Entries in non-standard scripts

The problems we have with some users highlight a problem in our current policy. We don't distinguish between attestations in a language's native or most-used script, and attestations in nonstandard scripts. Pinyin entries are not standard, but it is possible that a few pinyin entries meet CFI nonetheless even if the vast majority doesn't. And in any case, they are nothing more than alternative representations of other entries. So I think it would be a good idea to amend current policy somewhat so that it takes into account entries in scripts that are simply alternative representations of the same word in another script, and not a standard way of writing that language. Perhaps we could limit these entries only to redirects, and require that the main entry be attestable as well? —CodeCat 14:20, 28 June 2011 (UTC)[reply]

Pinyin actually is standard, and I think we should allow properly-diacriticked-pinyin (henceforth: PDP) entries whenever the PDP (or other tone-marked pinyin, e.g. the style with appended numbers) is attested. For simplicity, such entries might as well simply point users at Hanzi entries, since currently Hanzi is much more widely used. (Hopefully that will change someday, but Wiktionary's neutral-point-of-view policy means that we cannot be an agent of such change.)
When a language has two scripts with a one-to-one mapping between them, I think attestations in one script should automatically count toward the other. In the case of Mandarin, we should probably count Traditional attestations toward both Simplified and Traditional, though the reverse is probably not workable. We probably cannot count Hanzi attestations toward PDP or vice versa, because some distinctions are made in Hanzi that are not made in PDP (Hanzi distinguishes many homophones, whereas PDP does not), and some distinctions are made in PDP that are not made in Hanzi (some characters, e.g. , have multiple non-interchangeable pronunciations; also, PDP indicates word breaks, whereas Hanzi does not).
In the case of actual nonstandard scripts, such as toneless Pinyin, transliterated Greek, etc., I think we have to take them on a case-by-case basis. There's not a bright line between a standard script and a nonstandard one.
In all cases, the editors who actually work on affected-language entries need to be the ones really making decisions. The rest of us can (and should!) offer opinions and advice, but in general, we should defer to them.
RuakhTALK 15:59, 28 June 2011 (UTC)[reply]
I'm also thinking of languages like Gothic, which were written in Gothic script but are almost always written in Latin script in modern reprints. —CodeCat 16:43, 28 June 2011 (UTC)[reply]
As previously discussed here, you mean?
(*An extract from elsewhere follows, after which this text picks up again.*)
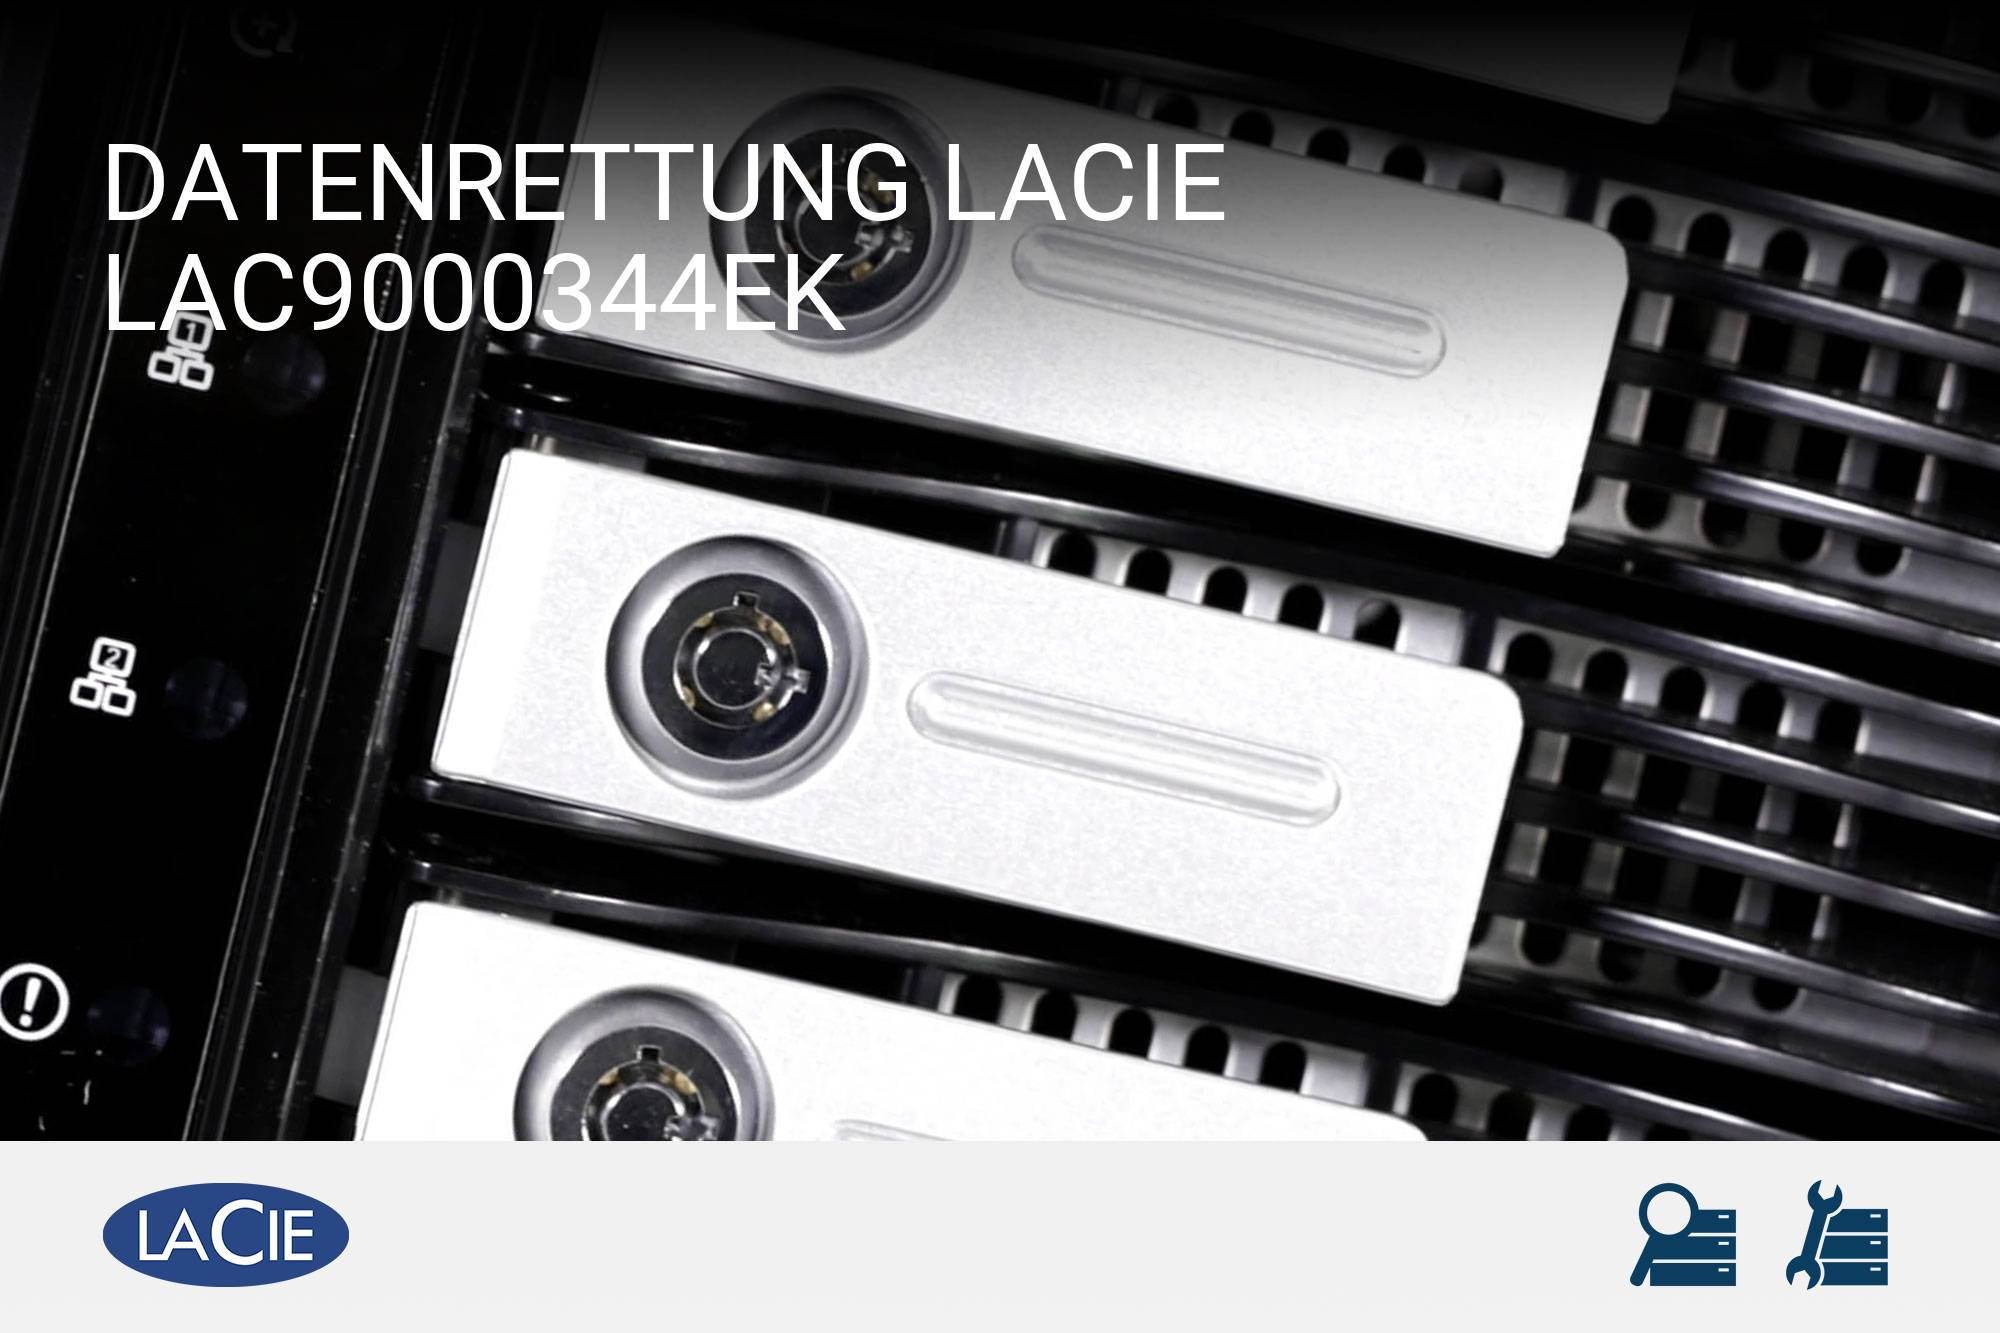 LaCie LAC9000344EK

I still agree with what I said then: "if Gothic works are primarily or exclusively published in the Latin script, then we should definitely have entries for the Latin spellings, either as main entries or as alternatives." But I don't think it's a very similar case to Pinyin; on the one hand, speakers of Gothic never used the Latin script, whereas speakers of Mandarin do, but on the other hand, Gothic is primarily or exclusively published in the Latin script, whereas Mandarin is not. (Personally I support Latin entries in both cases, but the reasons are different.) —RuakhTALK 17:10, 28 June 2011 (UTC)[reply]
It's non-standard as in it's not used to write Chinese, period. No sane person would use pinyin to write a text in Chinese (Mandarin, really), unless it was to prove a point, or for foreigners, language learning purposes or in a dictionary. Not that it couldn't be done, it just isn't. Of course, the same argument could be made about "ㄅㄆㄇㄈ" (bopomofo, 注音符號). It could be used as well, but it just isn't used. Thus, it's very unlikely that any pinyin word would be attestable.
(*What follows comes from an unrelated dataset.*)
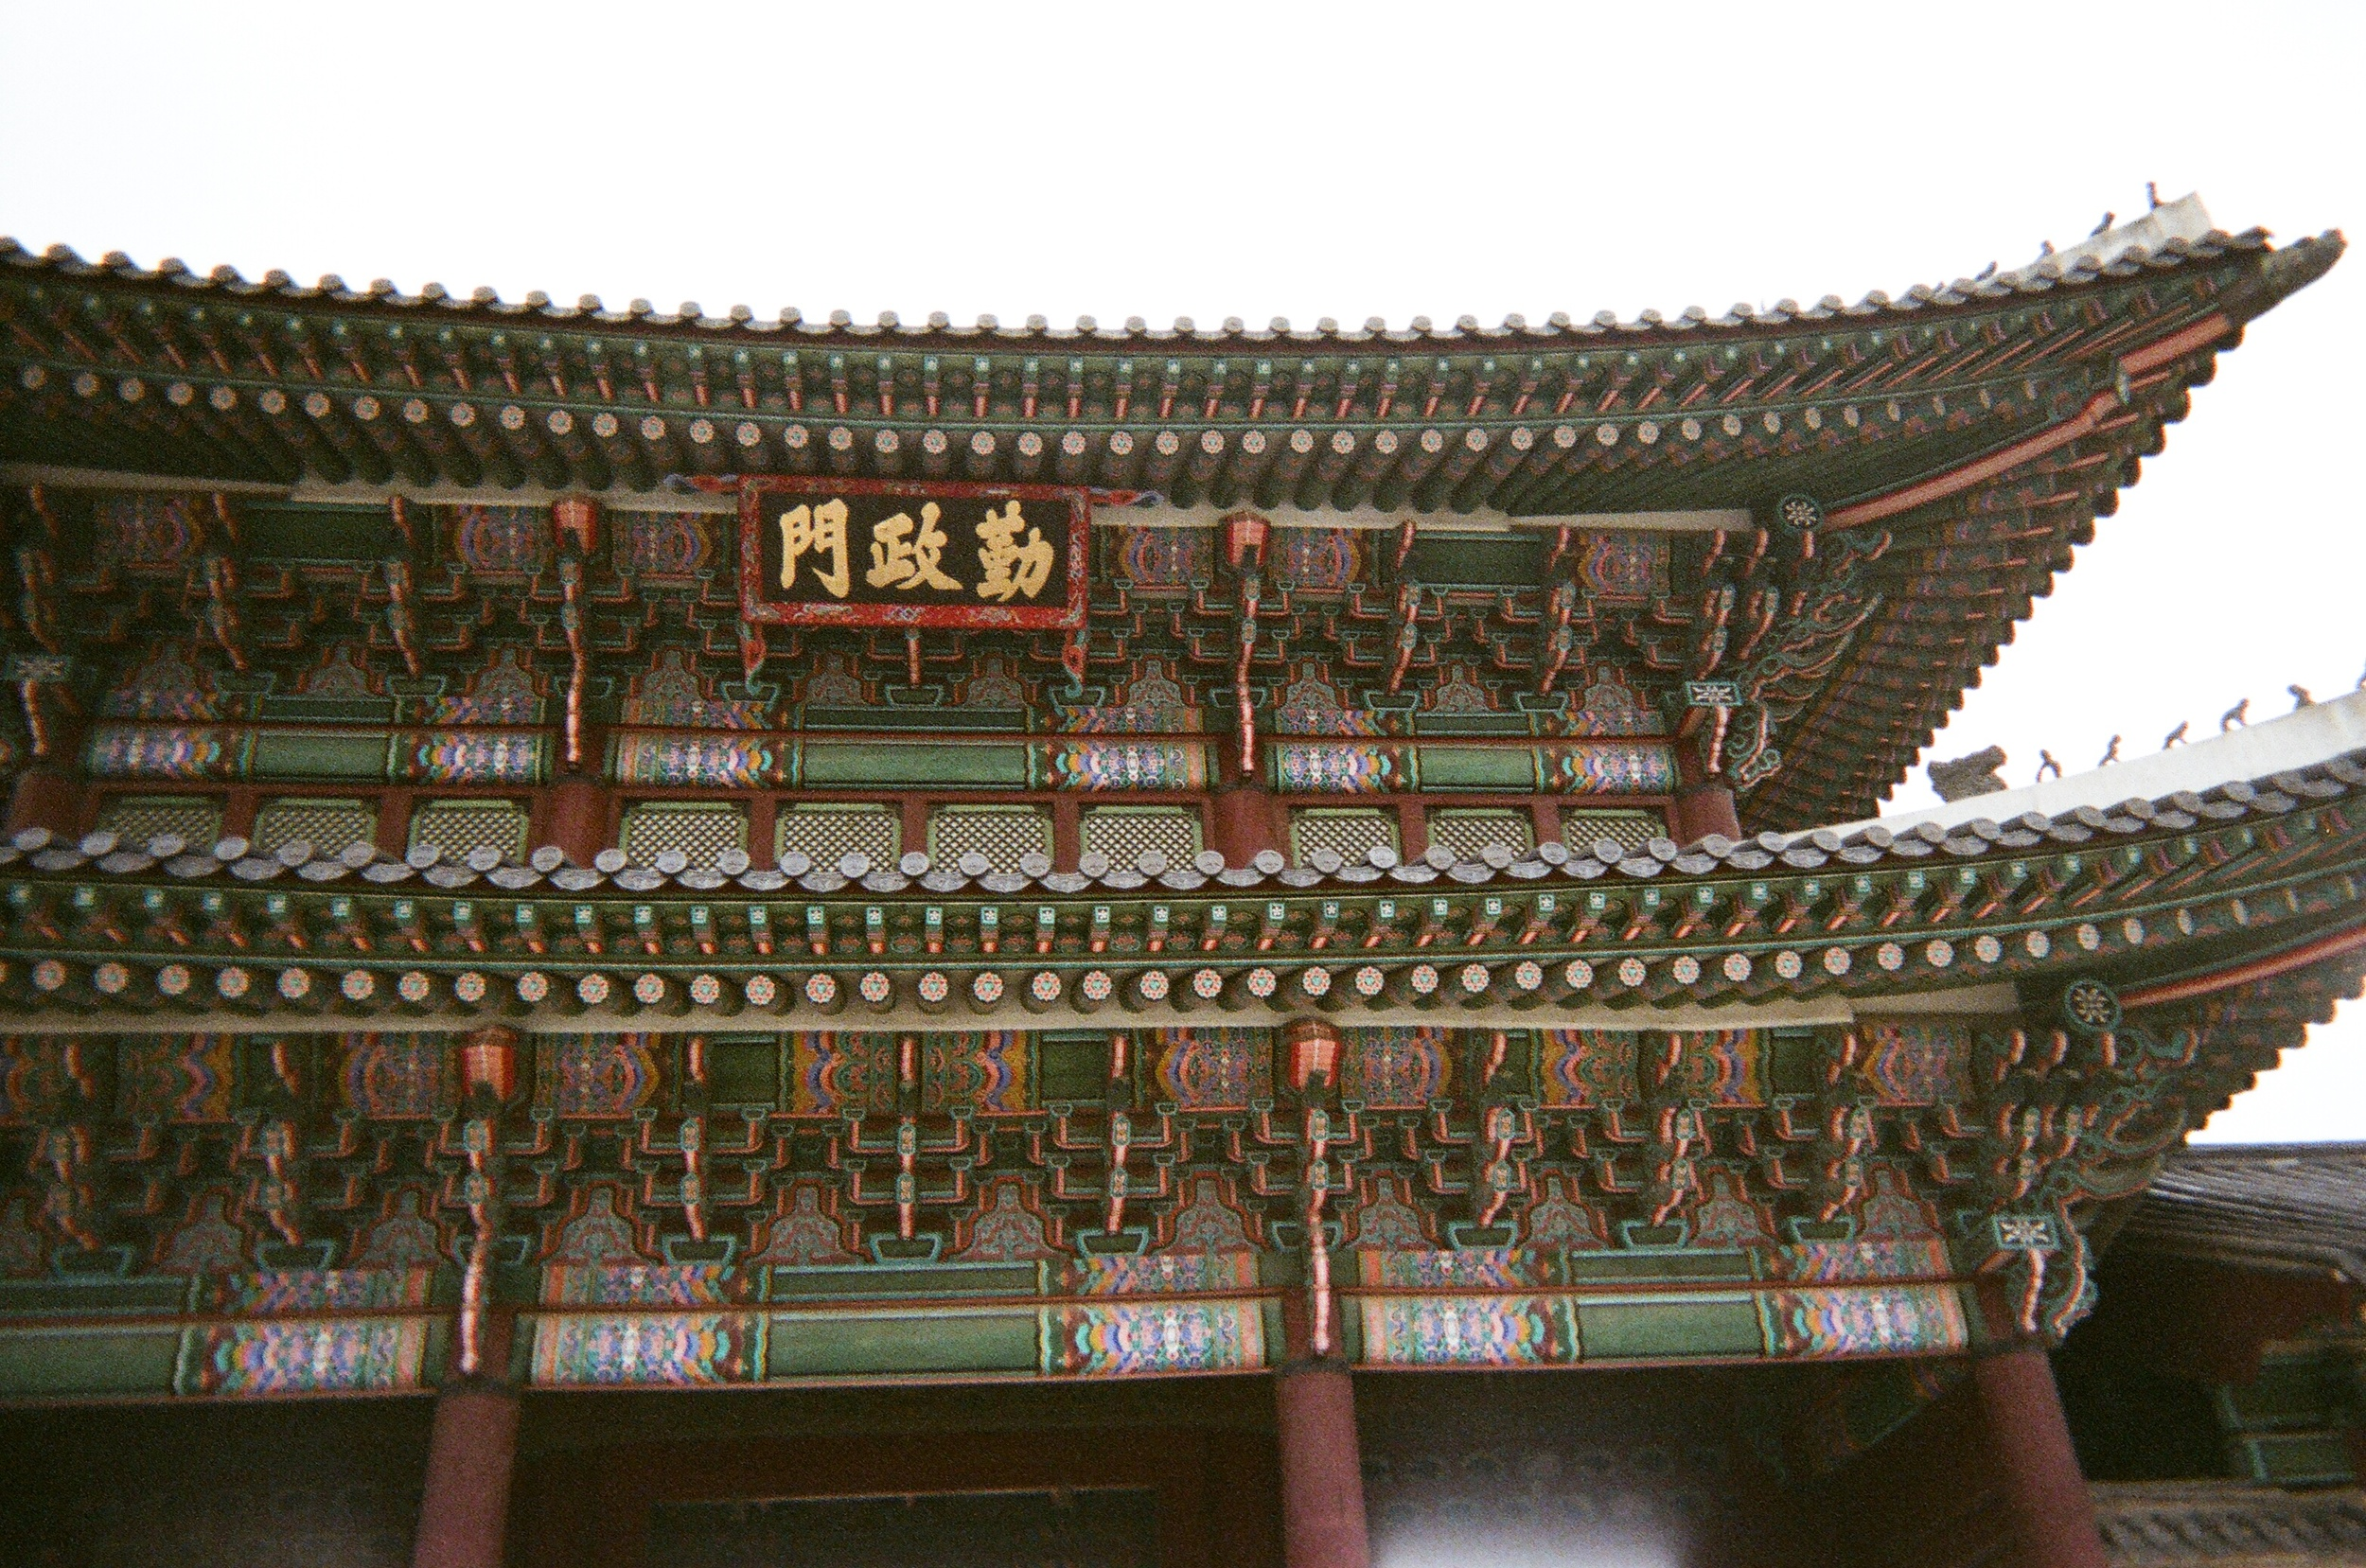 gyeongbokgung palace detail

"We probably cannot count Hanzi attestations toward PDP or vice versa" Why not? E.g. "干" in 你干啥? (ni3 gan4 sha2?) Here 干 could be an attestation for gan4 (but not for gan1). "衣服干了。" would work for gan1 (but not for gan4). In the same way 幹 (你干啥) and 乾 (衣服干了) could be attested via 干 respectively. Or am I missing something?
The question is if we want to include them even though they are non-attestable, as some kind of metadata (kinda like a category really, "Chinese words pronounced shi4shi4"). Vaste 10:51, 29 June 2011 (UTC)[reply]
I'm not referring so much to individual pinyin syllables, as to polysyllabic words. We know (well, I don't, but you guys do) which syllable is meant by a given character in a given word, but it doesn't seem verifiable to me, unless we accept secondary sources such as dictionaries. (Actually, come to think of it, since there are books and periodicals published in Taiwan that have bopomofo ruby for every single character, a dedicated attester could probably demonstrate the bopomofo for any many polysyllabic terms, and that would verify the pinyin as well.) —RuakhTALK 11:17, 29 June 2011 (UTC)[reply]
How is IPA and pronunciation handled for English? Isn't it the same issue? After all pinyin is simply used to describe (and prescribe(?)) pronunciation (of Mandarin). Pinyin entries have problems with attestability simply because they aren't used that way (i.e. as a script for Chinese). Vaste 01:58, 30 June 2011 (UTC)[reply]
We list pronunciations for English words, but we don't create entries for the IPA transcriptions. (I actually think that would be awesome if it were feasible, but it's not, for lots of reasons besides just attestability.) Much of the content in our entries is justified, or could be justified, by reference to other dictionaries and such, but we don't create entire entries that rely on secondary sources for justification. But anyway, I'm out of my depth here, seeing as I don't speak any Chinese at all; if you say that pinyin entries can be adequately verified without depending on secondary sources, then I defer to you. —RuakhTALK 02:09, 30 June 2011 (UTC)[reply]
Okay, they exist. Just to be clear though, are you saying pinyin used that way is not extremely rare? Vaste 03:35, 1 July 2011 (UTC)[reply]
The point is it is using. A Pinyin Bible for your reference. Engirst 03:47, 1 July 2011 (UTC)[reply]
And contained in those links you gave us was a grand total of.... one self-published book entirely in pinyin! [3] What compelling evidence that pinyin is actually used in durably archived sources with running Mandarin script! ---> Tooironic 05:59, 1 July 2011 (UTC)[reply]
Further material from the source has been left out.